Kegiatan tersebut, dihadiri Dinas Kepariwisataan, kebudayaan, tokoh masyarakat adat, para peneliti, seniman dan kreator muda. Foto: Ist.

 

MIC dirangkaikan dengan pemberian sertifikat kekayaan intelektual serta penghargaan pada pemerintah daerah dan stakeholder lainnya yang telah mendorong informasi terkait pelindungan kekayaan intelektual di Sulawesi Tenggara.

Kegiatan ini juga memfasilitasi layanan konsultasi, pendampingan pendaftaran merek, hak cipta, paten, dan desain industri bagi masyarakat yang ingin konsultasi bisa datang dan akan didampingi oleh tim expert dari DJKI. Selain itu, adapula sosialisasi kekayaan intelektual serta pameran UMKM dan hasil karya warga binaan oemasyarakatan.

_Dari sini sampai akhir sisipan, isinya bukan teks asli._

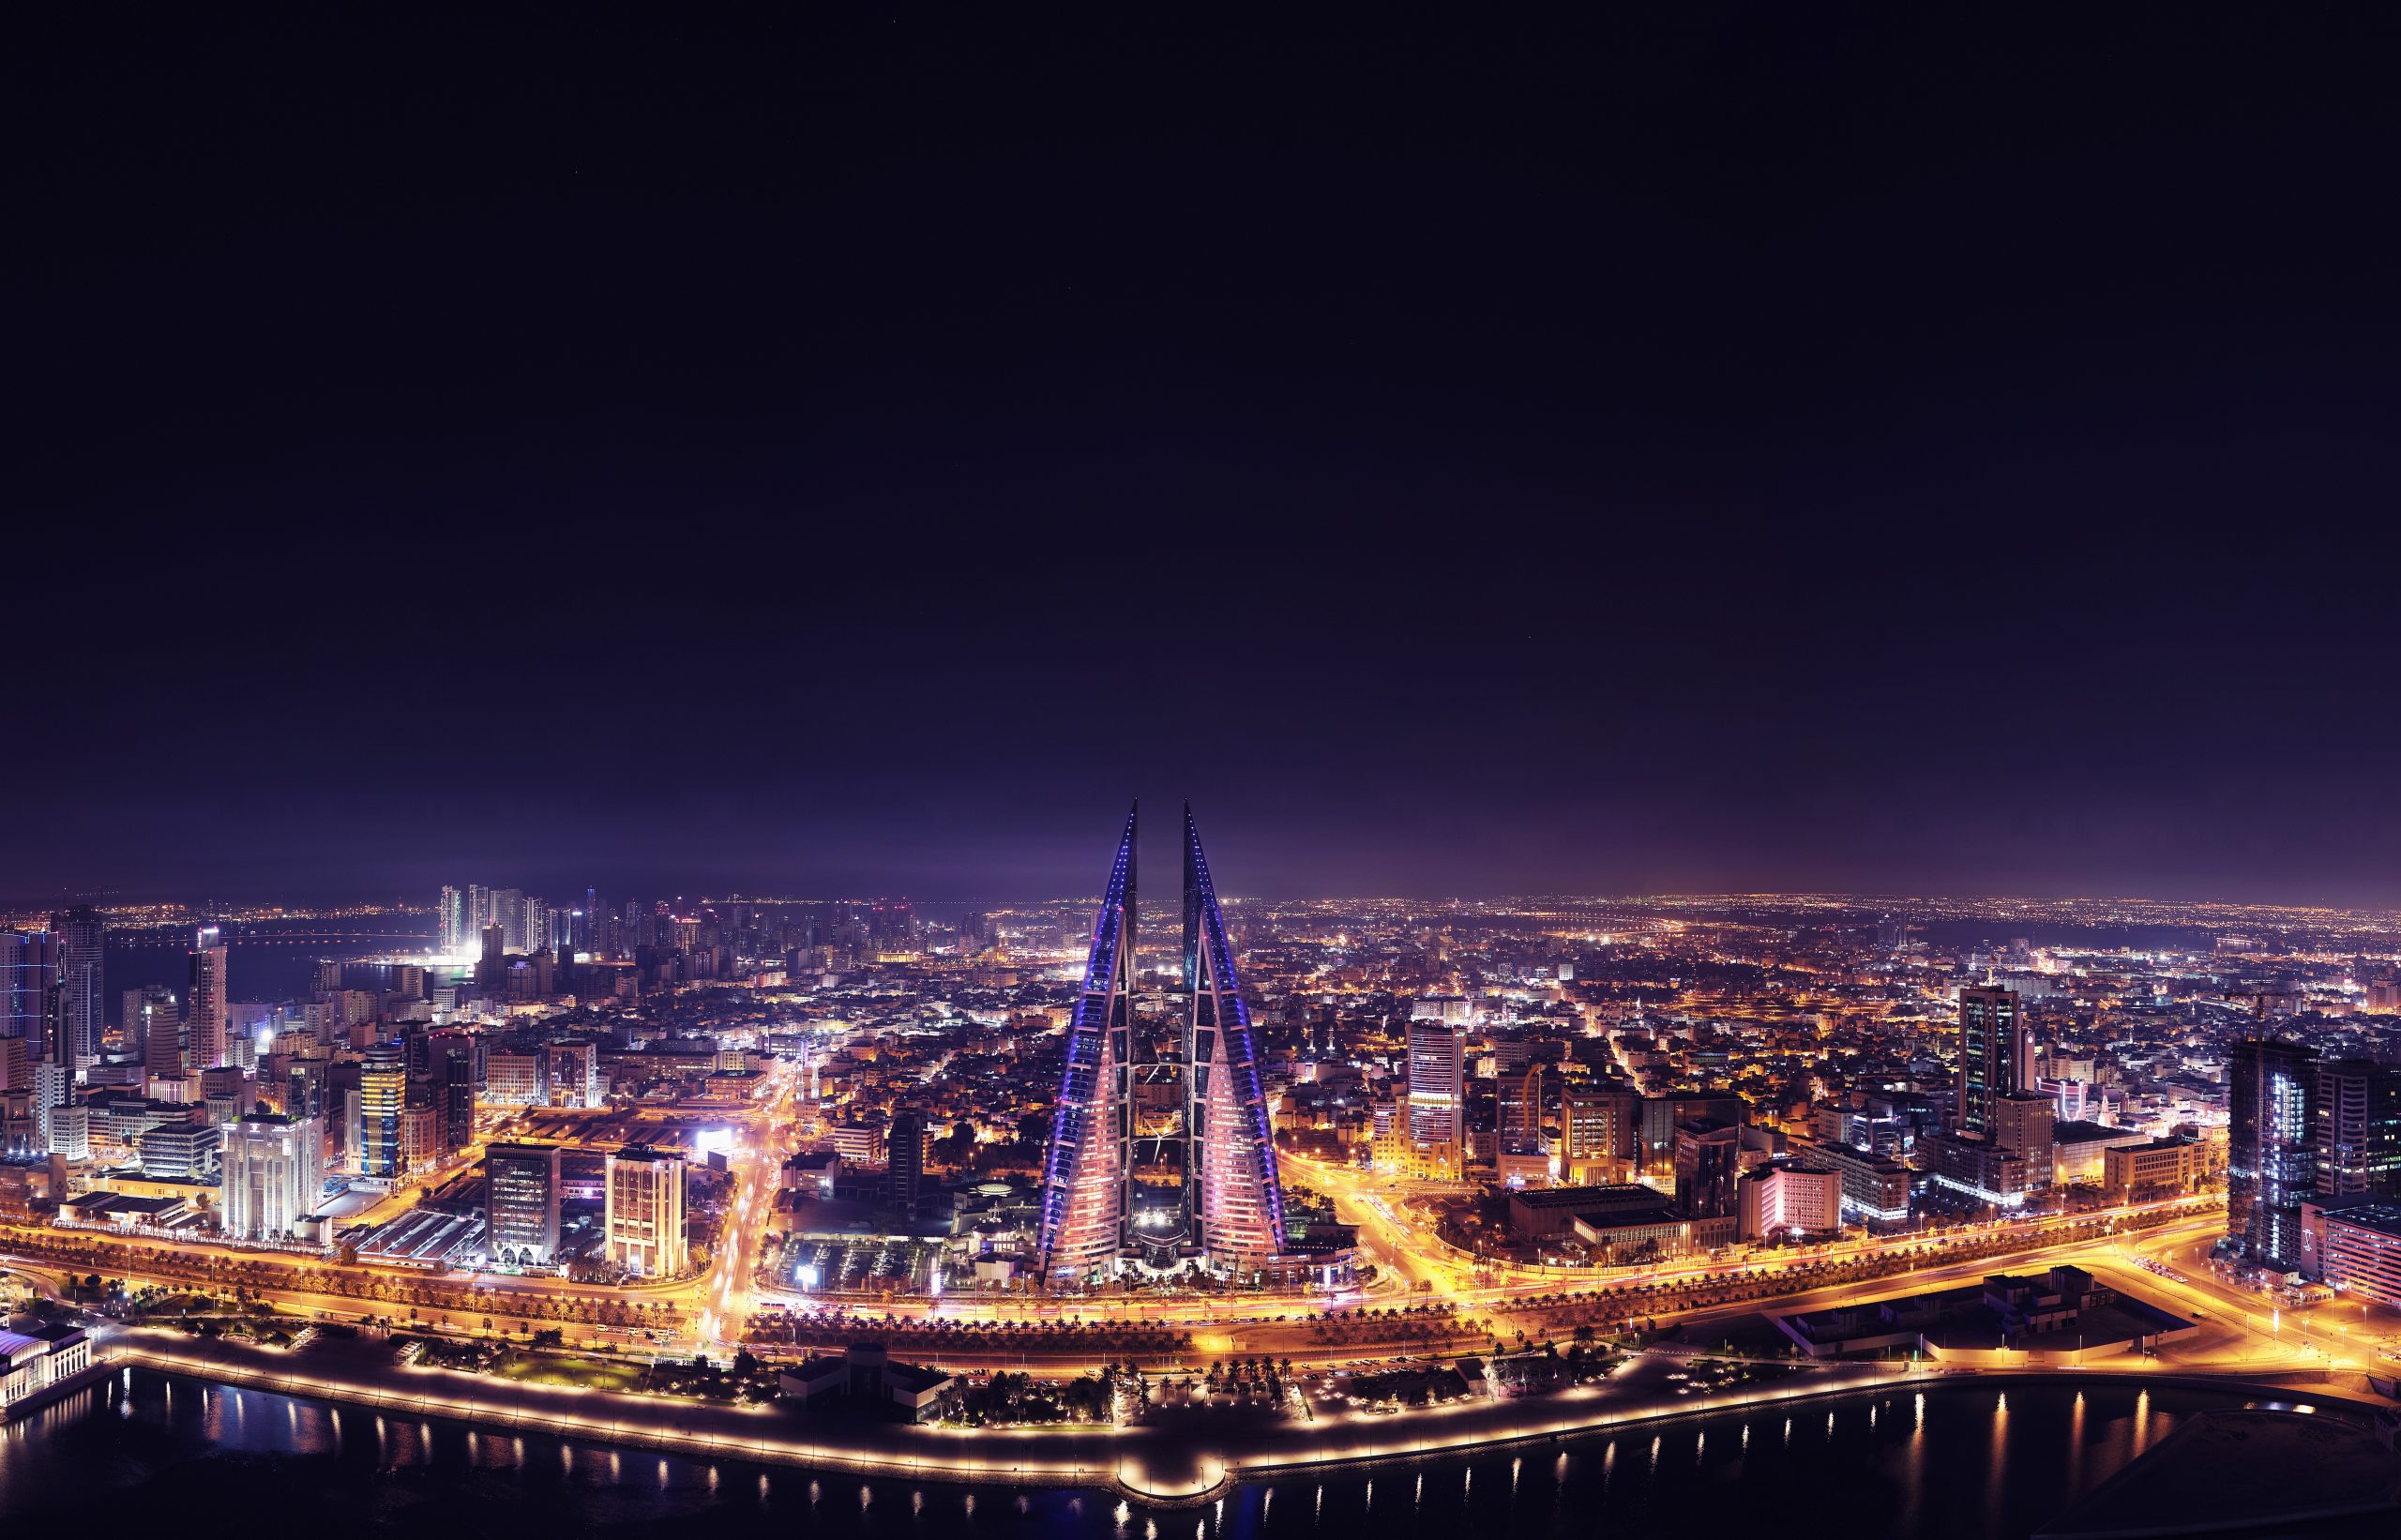 مملكة البحرين تعلن عن إطلاق الرخصة الذهبية للمشاريع الاستراتيجية بما يعزز من تنافسيتها كوجهة ملائمة للاستثمار

"Mudah-mudahan melalui kegiatan ini masyarakat Sulawesi Tenggara untuk para kreator, pelaku seni, pegiat budaya, masyarakat adat dan para OPD terkait akan termotivasi dan mendaftarkan, maupun mencatatkan kekayaan intelektualnya agar dapat terlindungi sehingga dapat diberdayakan untuk komersialisasi, serta dapat merasakan manfaat ekonominya," tutup Kakanwil sekaligus membuka kegiatan ini secara resmi.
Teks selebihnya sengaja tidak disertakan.